▶ Assigned task
Although the listing below holds pictures, reproduce only its lines from the one containing "The tennis fraternity" through the last, exactly and without them.

━━━ Information supplied ━━━

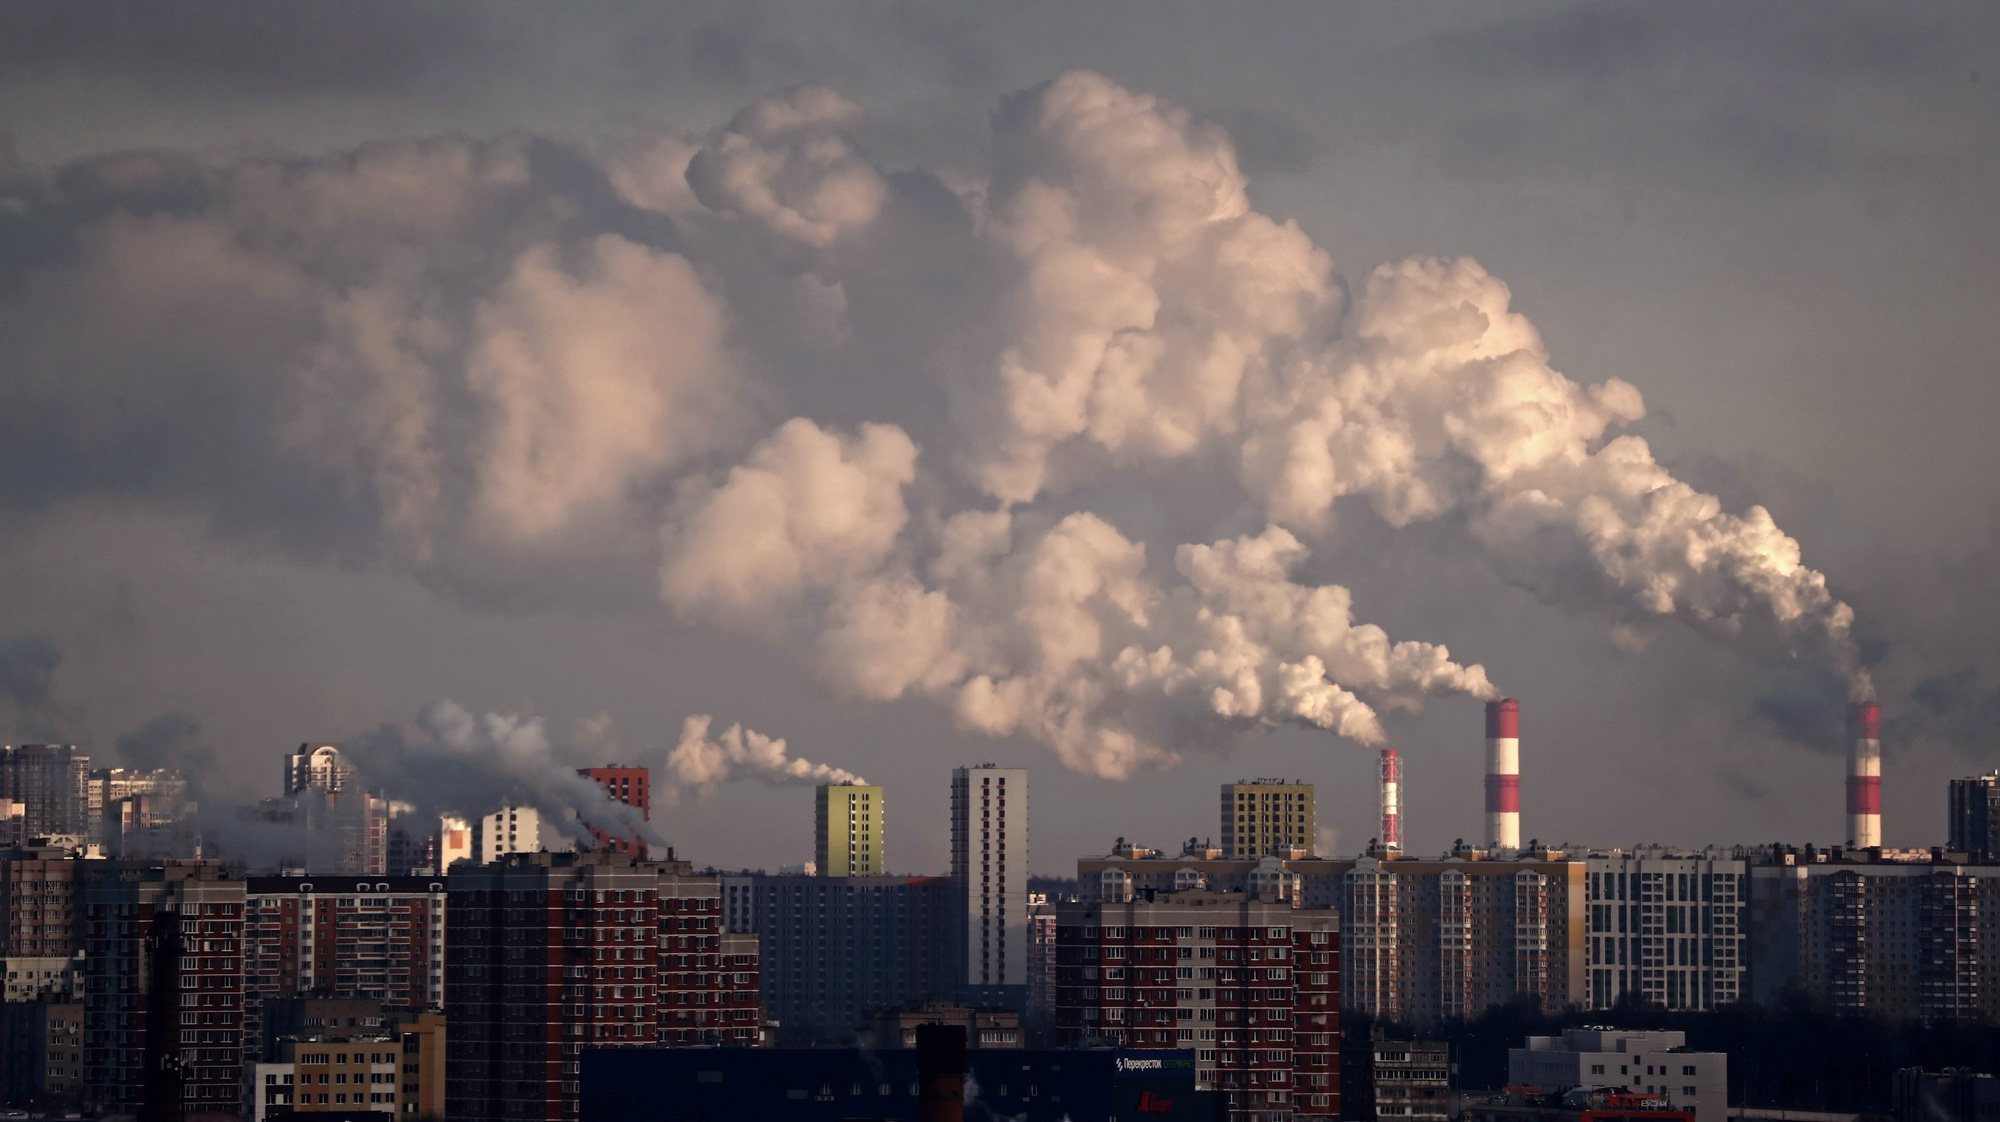 epa08013495 Smoke rises from chimneys of the gas boiler houses as the temperature dropped to minus 7 degrees Celsius in Moscow, Russia, 21 November 2019. Spanish Madrid will host the COP25 World Climate Change Conference from 02 to 13 December replacing Chile.  EPA/MAXIM SHIPENKOV
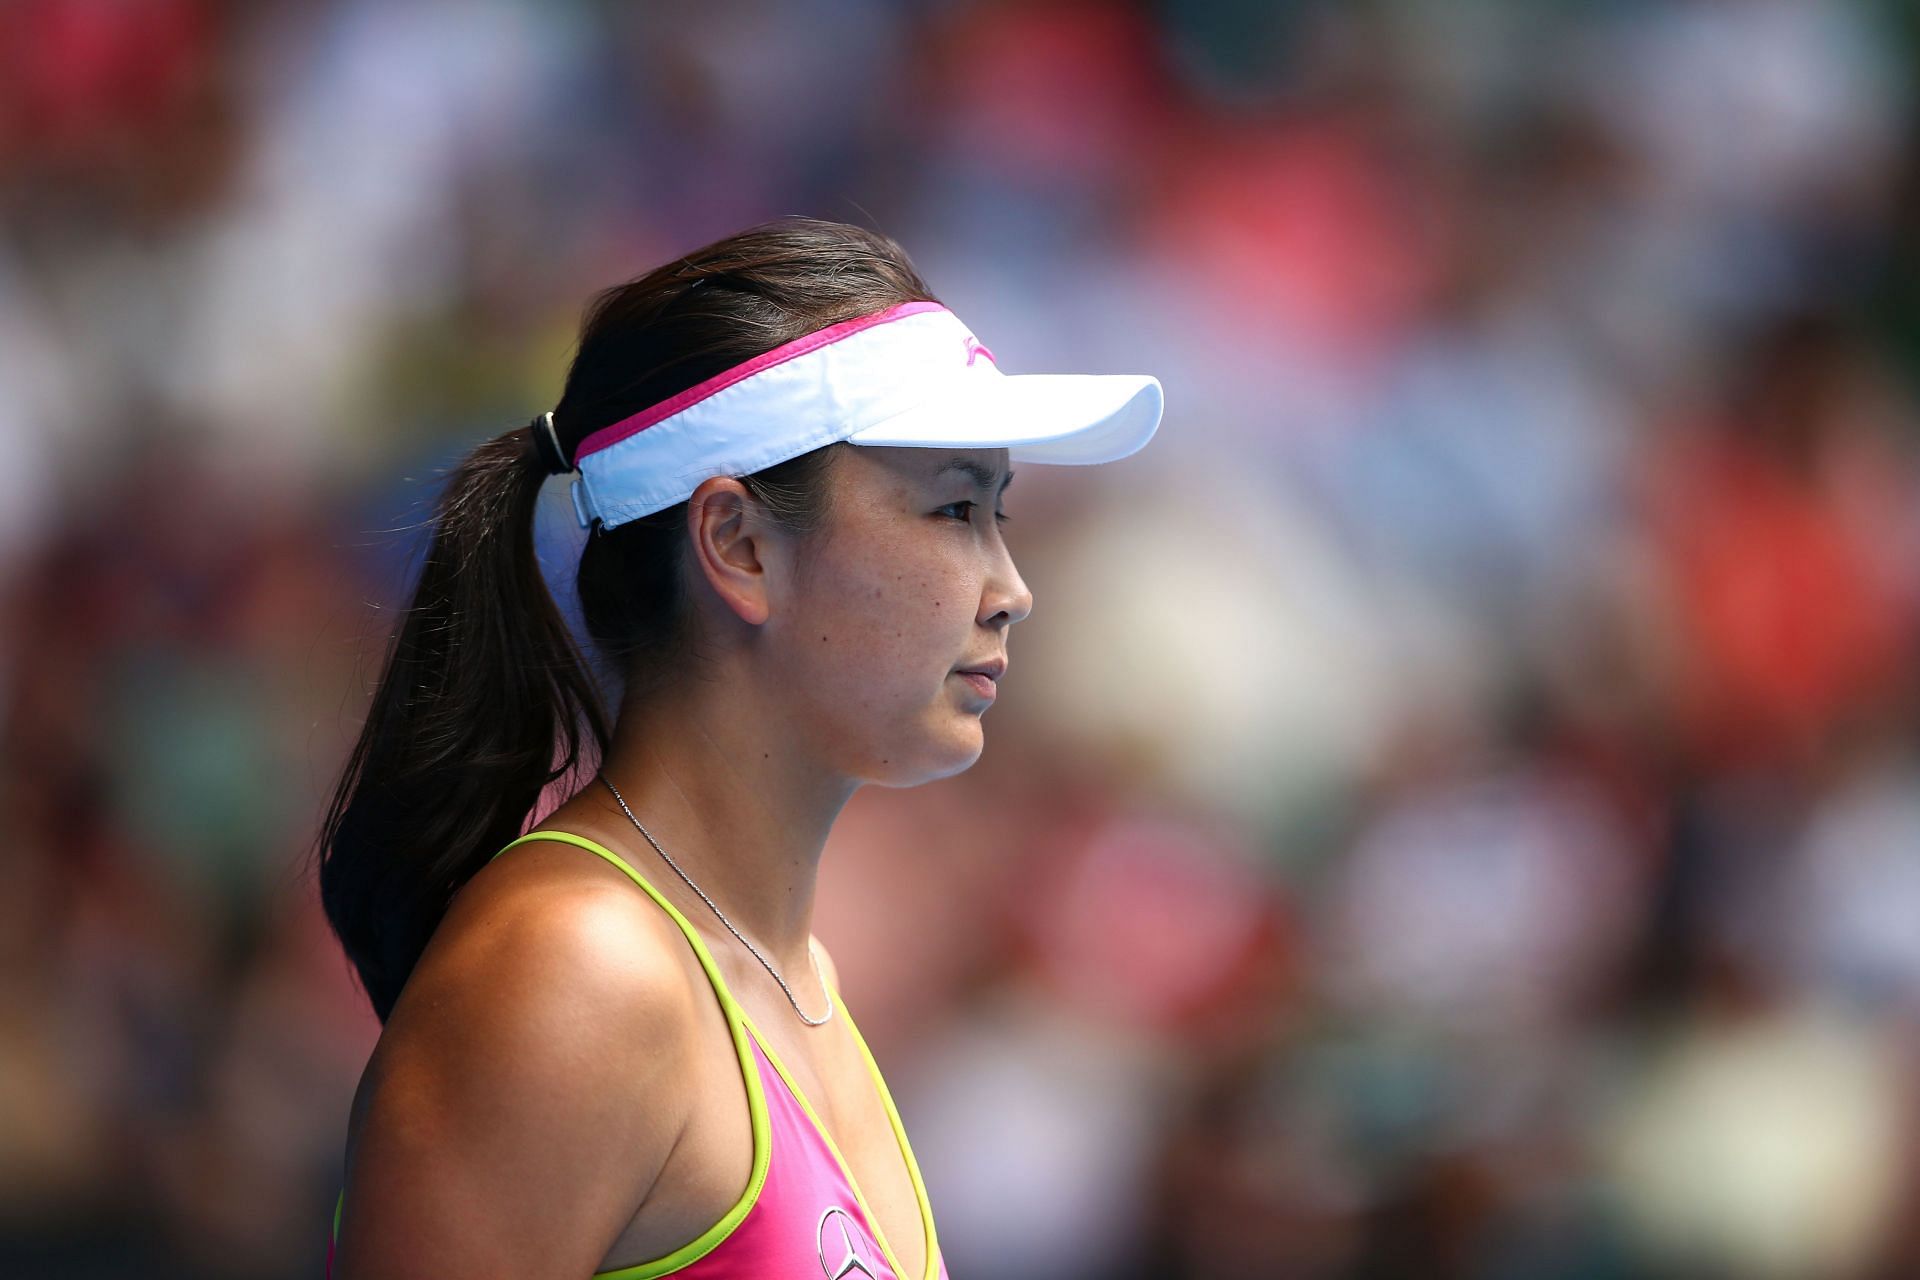 The tennis fraternity has been united in their support for Peng Shuai.
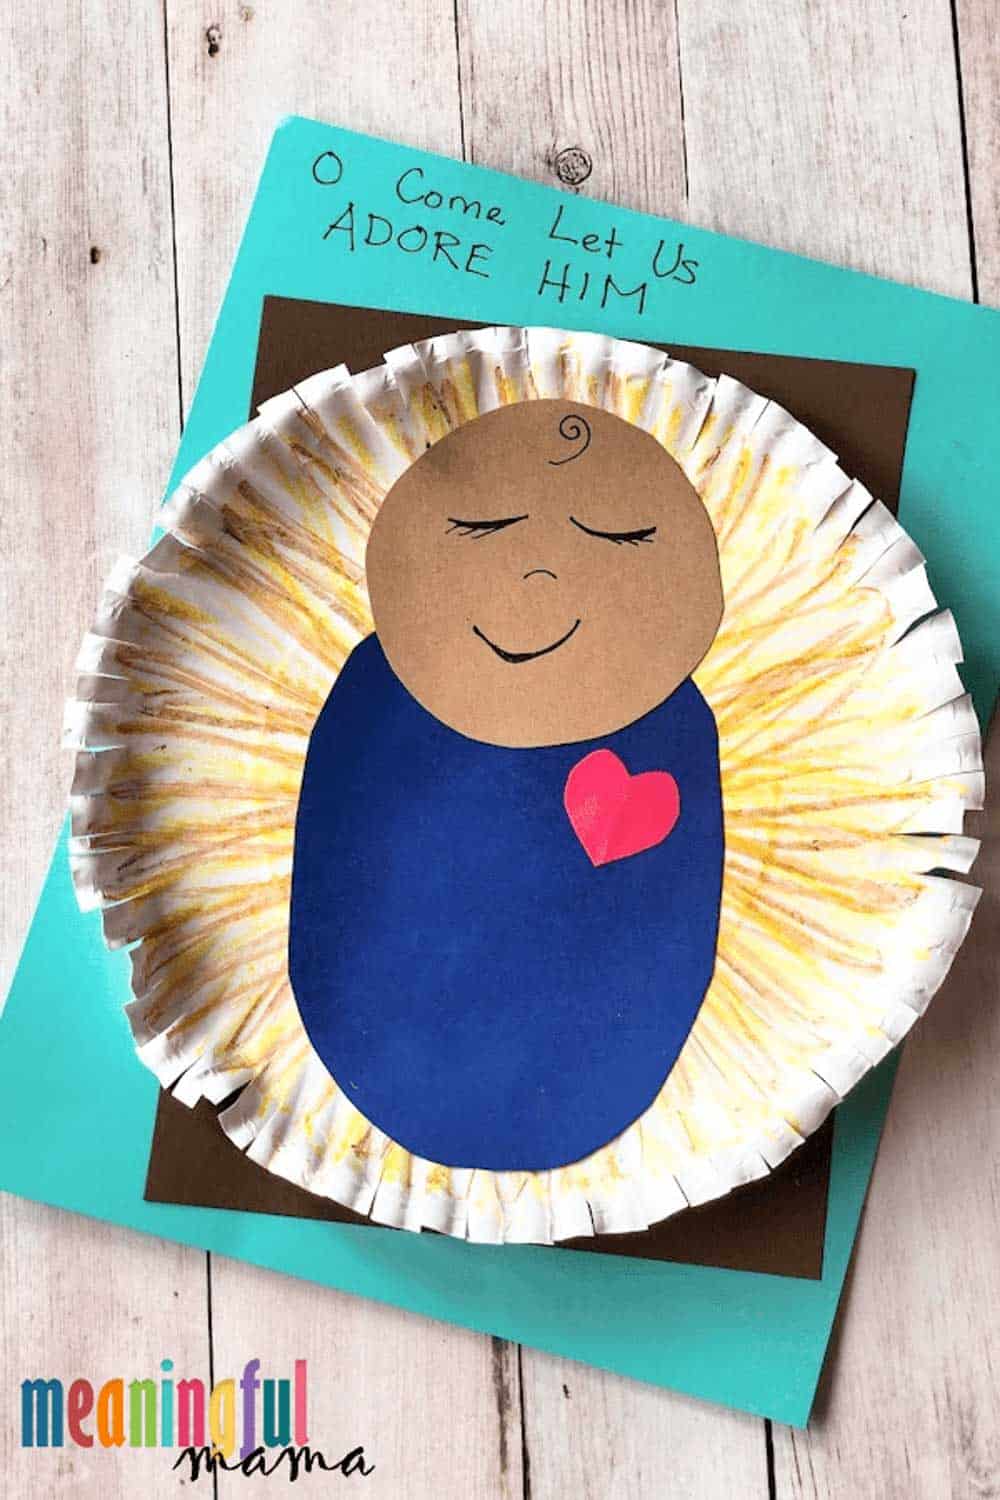 Fall in Love With Jesus Crafts for Kids, Fall Christian Crafts, Finger  Painting Keepsakes, Sunday School Crafts, Homeschool Crafts

━━━

▶ Written solution
 The tennis fraternity has been united in their support for Peng Shuai.
 Fall in Love With Jesus Crafts for Kids, Fall Christian Crafts, Finger  Painting Keepsakes, Sunday School Crafts, Homeschool Crafts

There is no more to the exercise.